→ Problem to work on
Please write out all of the data below exactly, without including the pictures.

→ Raw data
▶

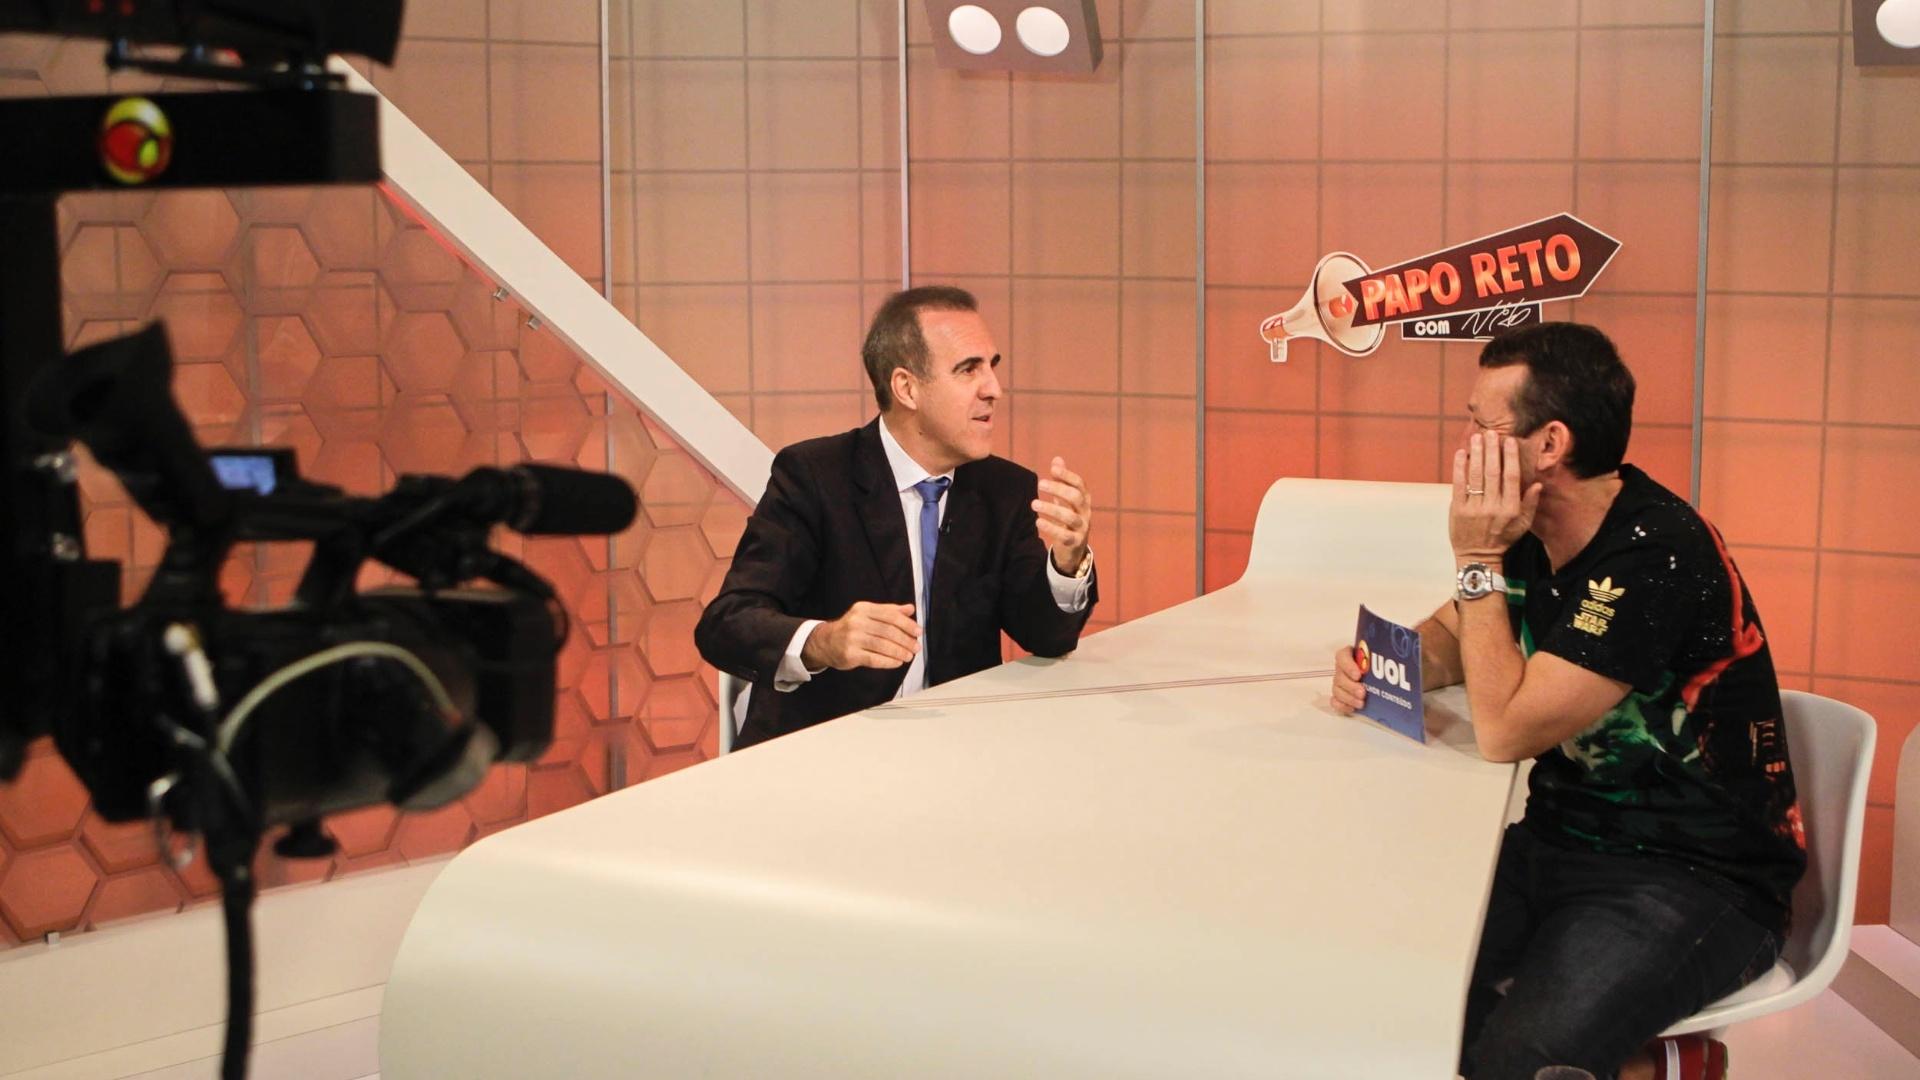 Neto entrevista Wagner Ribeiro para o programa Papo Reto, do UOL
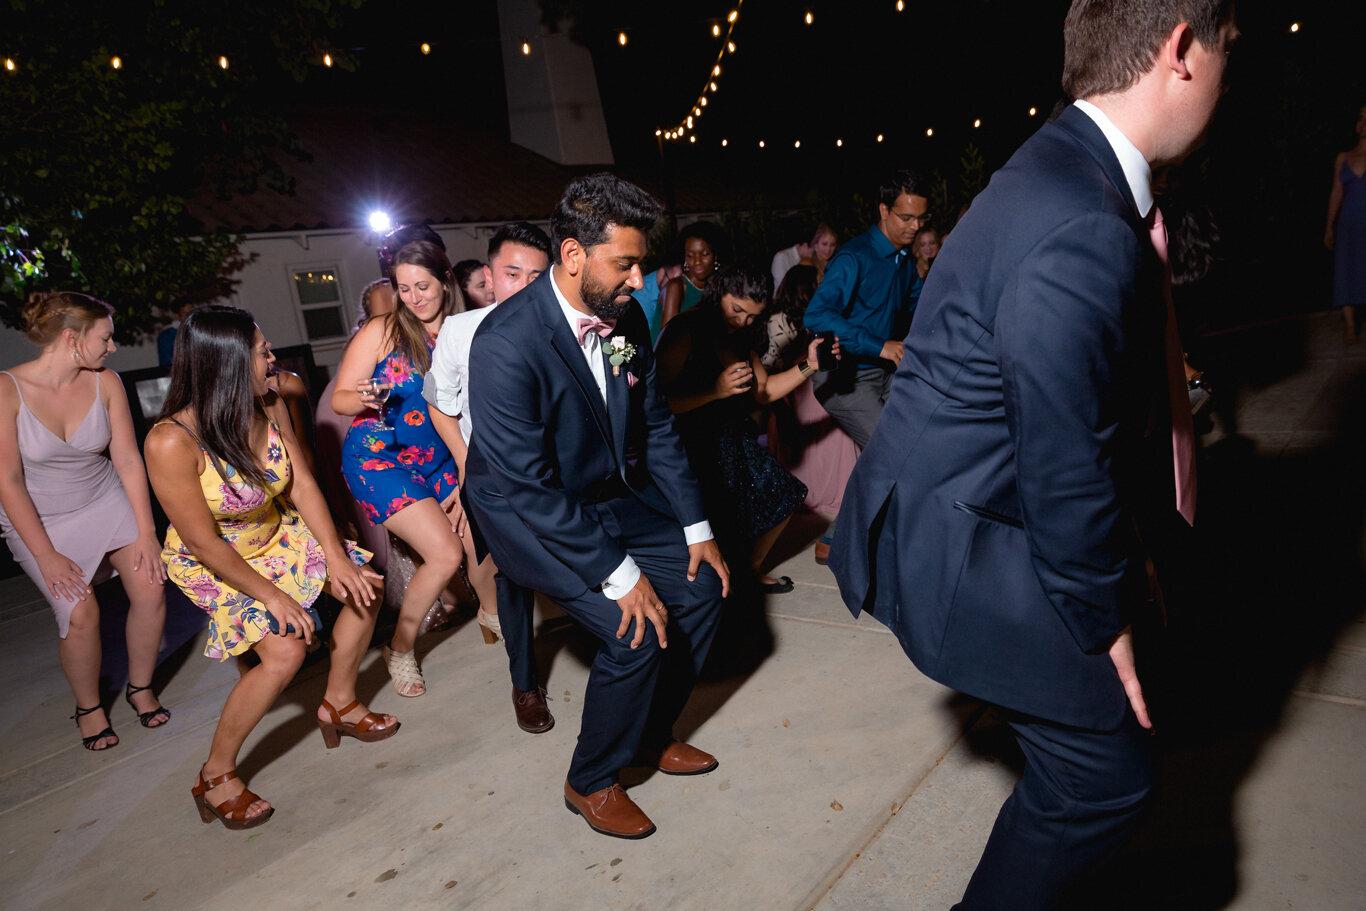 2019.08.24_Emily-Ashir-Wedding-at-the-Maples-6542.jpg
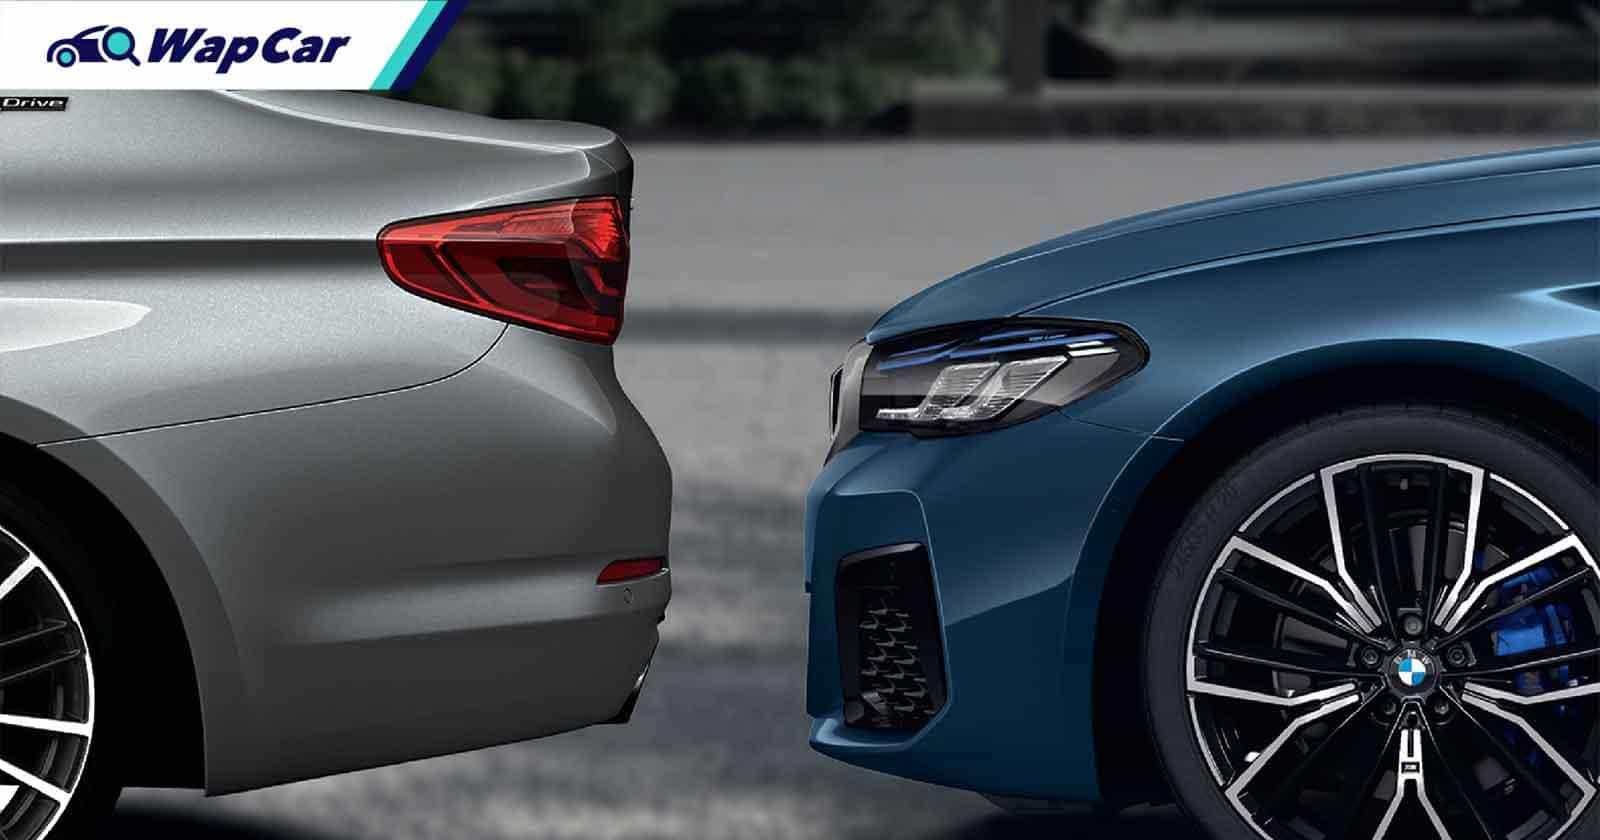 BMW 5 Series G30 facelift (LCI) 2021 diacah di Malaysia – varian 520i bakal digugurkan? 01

◀

→ Written response
 Neto entrevista Wagner Ribeiro para o programa Papo Reto, do UOL
 2019.08.24_Emily-Ashir-Wedding-at-the-Maples-6542.jpg
 BMW 5 Series G30 facelift (LCI) 2021 diacah di Malaysia – varian 520i bakal digugurkan? 01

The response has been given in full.